Anyways, we think you may test and compare two ways according to your requirement and specific template file to get the actual result about performance and then choose the proper one for your business.

1 Like

Thanks for more insights @johnson.shi

@teju90,
You are welcome.

@John.He, one more question on this.

While using the LightCells, do I need to invoke workbook.dipose and workbook.closeAccessCacheOptions to release any cache held up in memory (if any) by the API? Or not needed?

Thanks
Ravi

@teju90,
Yes, you can call Workbook.Dispose to release resources. Workbook.CloseAccessCache and Workbook.StartAccessCache can also be used together. These two functions provide users with the ability to access data in batch mode with better performance.

Thanks for the quick response @John.He

@teju90,

You are welcome.

hi @amjad.sahi, @John.He

just a follow up question on the above. Can it lead to a memory leak in the application in wb.close() is not called?

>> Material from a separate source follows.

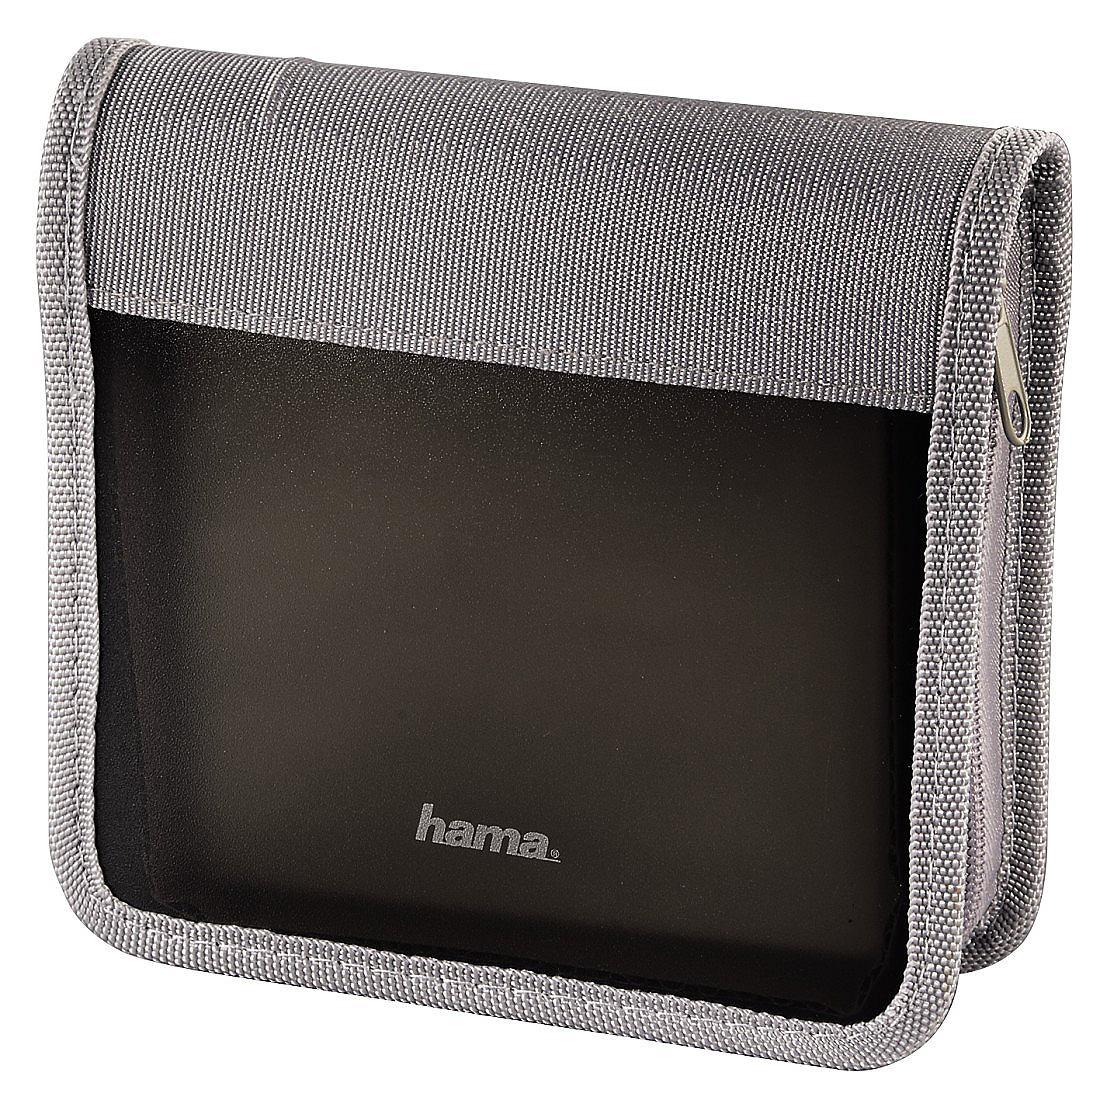 Hama HAMA CD-WALLET 28CD GRAPHITE

P.S: We are NOT using the StartAccessCache and CloseAccessCache apis.

Thanks
Ravi

@teju90,

Aspose.Cells for Java is a pure Java component. Workbook.close() is mainly for setting related objects as null recursively so that make it possible for GC to start to work earlier, especially when most of the memory available for the JVM has been used. It will not lead to memory leak even though you do not call it.

Got it, Thanks @johnson.shi

@teju90,

You are come. Should you have further queries or comments, feel free to write us back.

Hi Team,

While using the API com.aspose.cells.LoadOptions for extracting the content of various excel file types, I see that it is occupying as much as 1GB just for a 4MB file as soon as the Workbook object is created.

Can you please explain why it is occupying so much of memory for such a small file?

Thanks
Ravi